GIVEN MATERIAL>
::::::::::
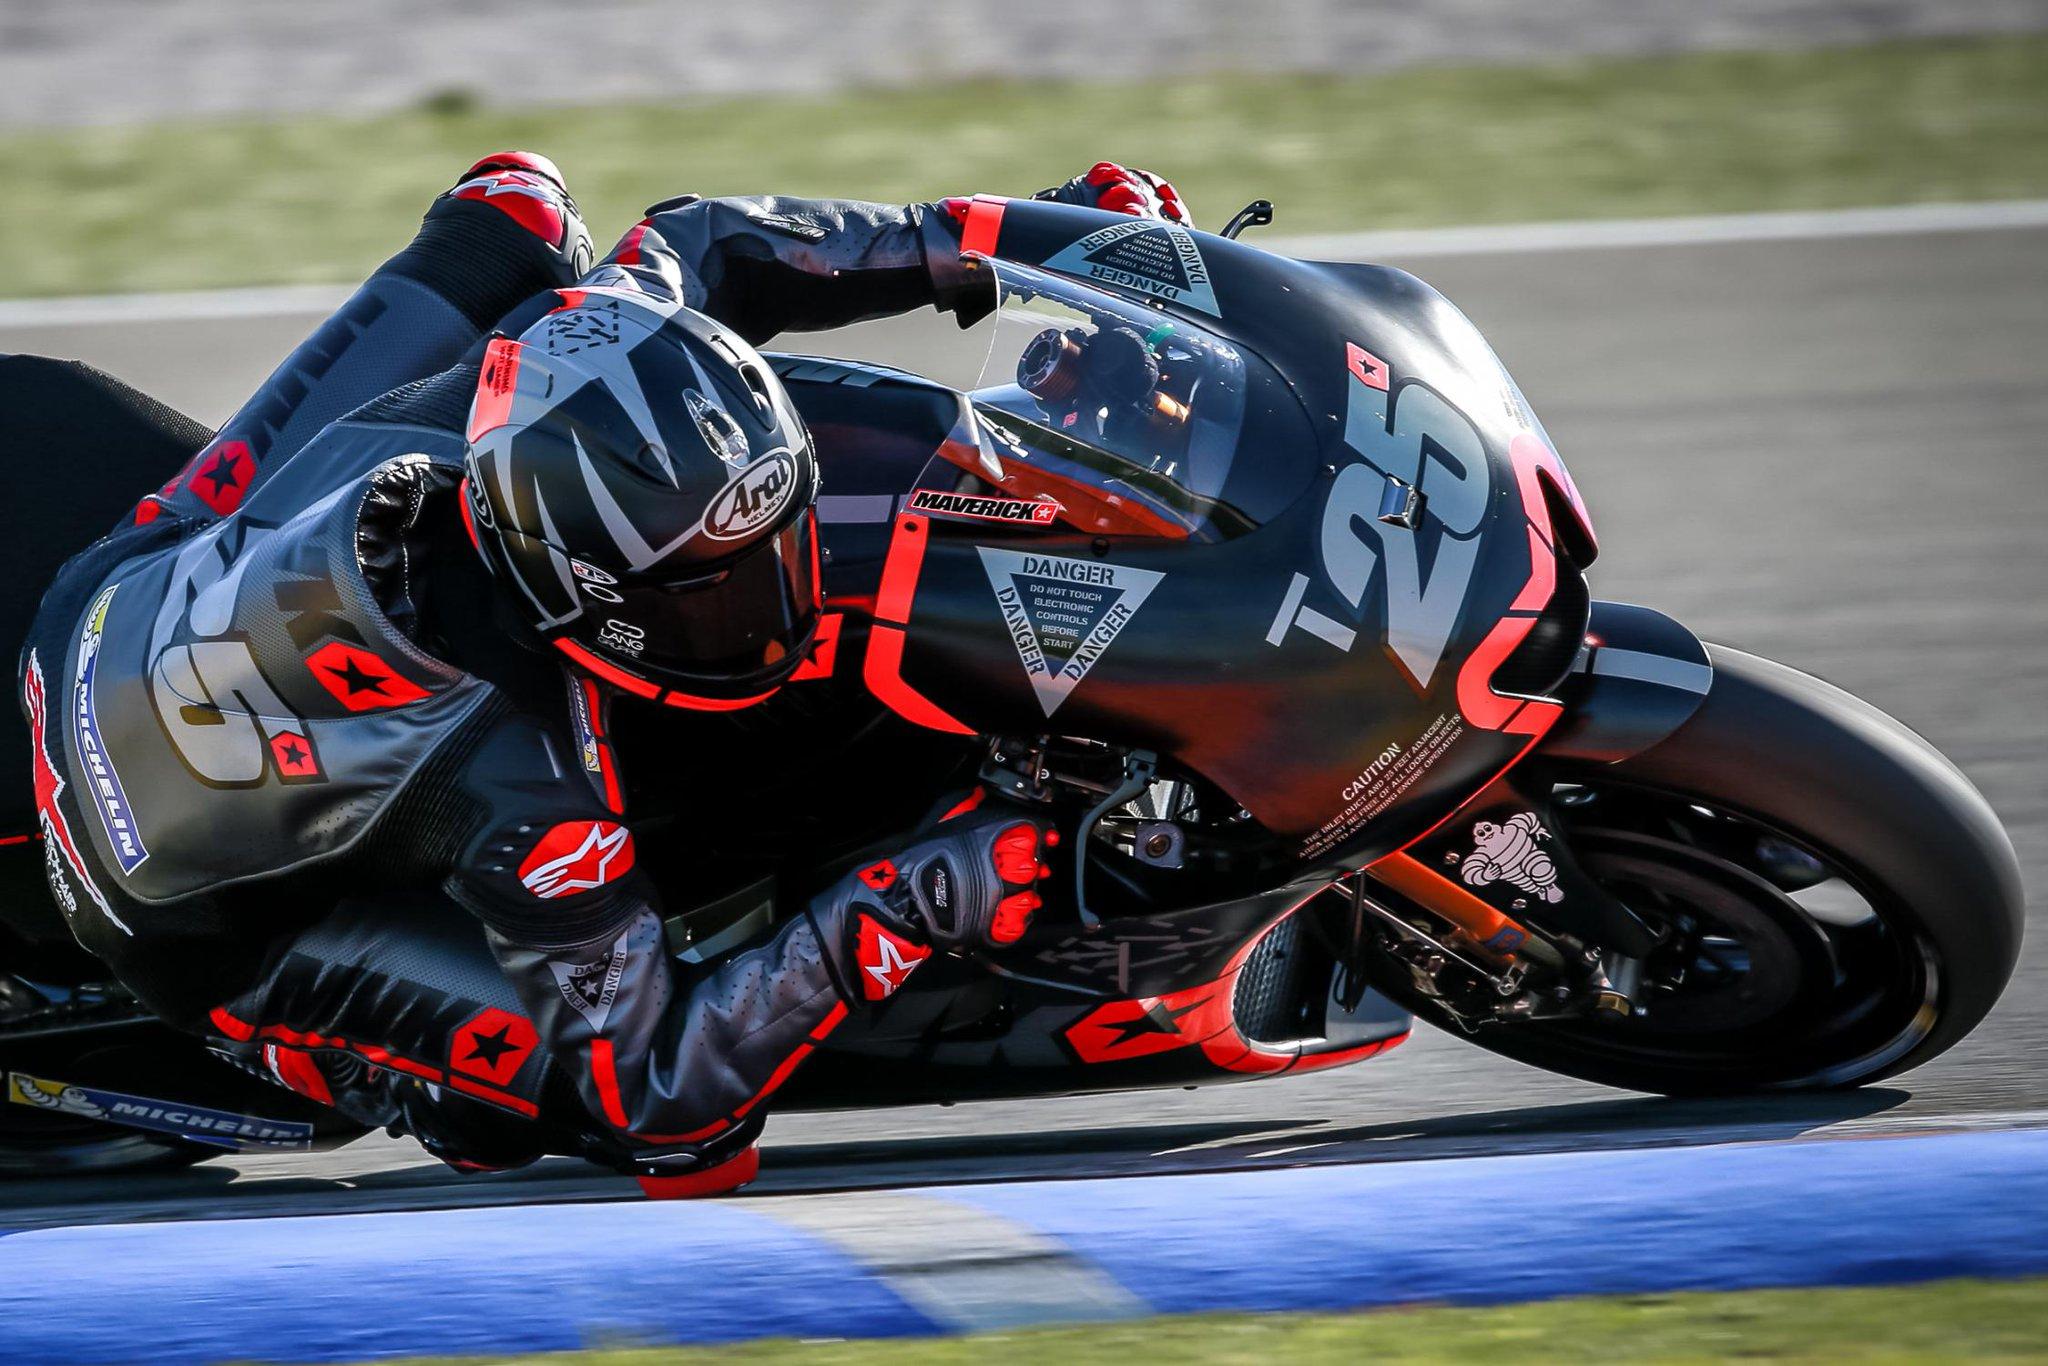 MotoGP Valencia Test Day 1 Result: Vinales, Rossi, Lorenzo
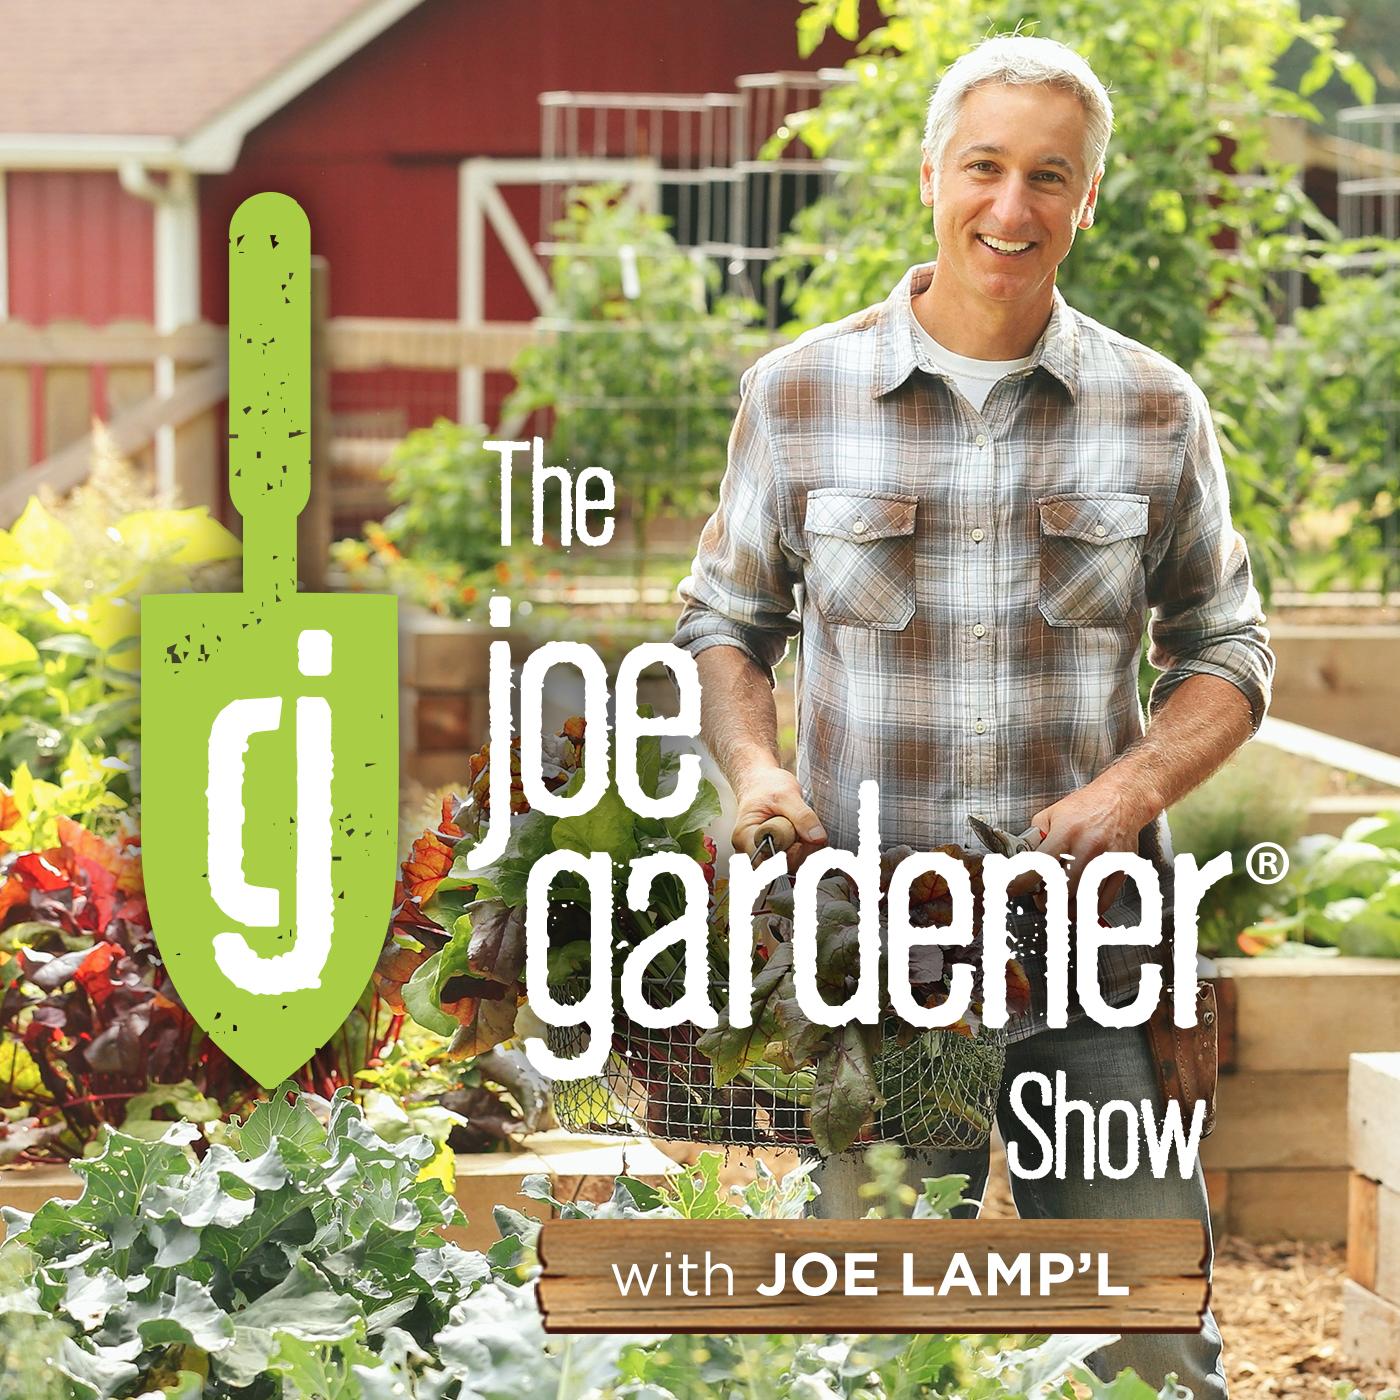 The joe gardener Show - Organic Gardening - Vegetable Gardening - Expert Garden Advice From Joe Lamp'l
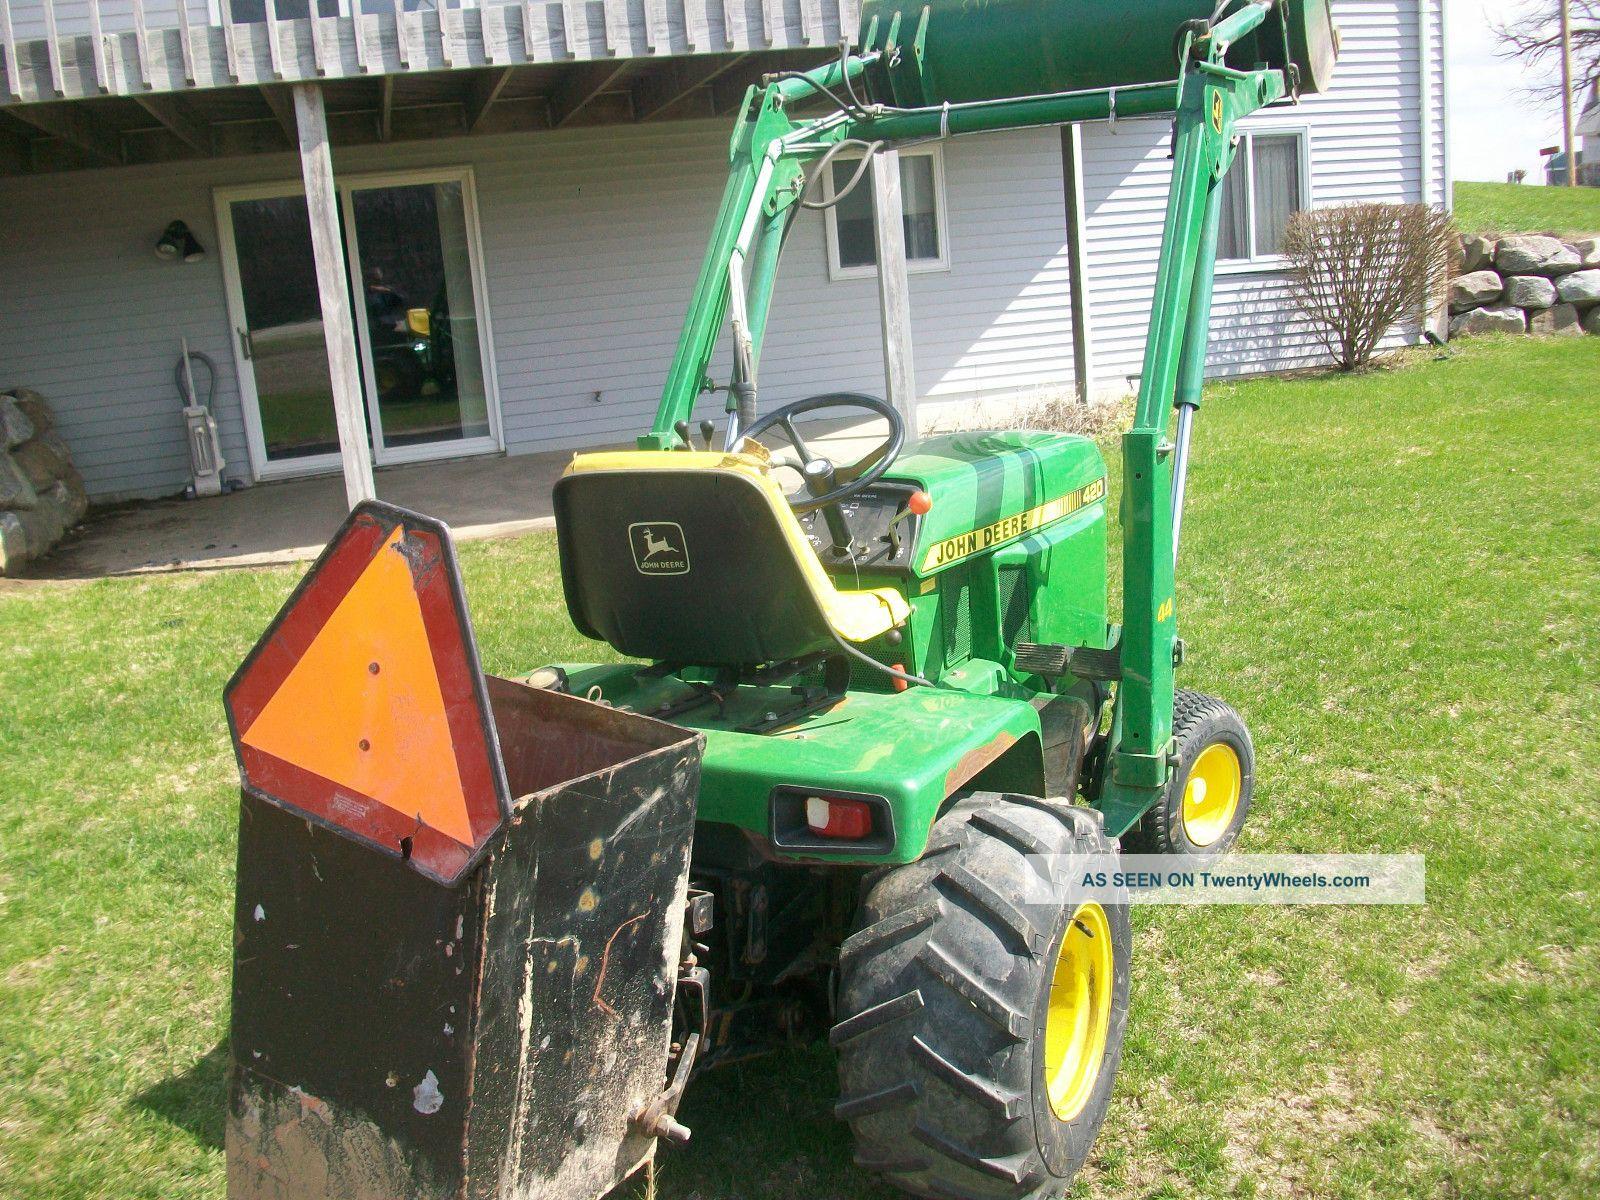 3 Point Hitch Garden Tractor : John deere garden tractor point hitch jd
::::::::::
EXERCISE DESCRIPTION> Word for word, restate the material above; do not carry over the pictures.

EXPECTED ANSWER>
 MotoGP Valencia Test Day 1 Result: Vinales, Rossi, Lorenzo
 The joe gardener Show - Organic Gardening - Vegetable Gardening - Expert Garden Advice From Joe Lamp'l
 3 Point Hitch Garden Tractor : John deere garden tractor point hitch jd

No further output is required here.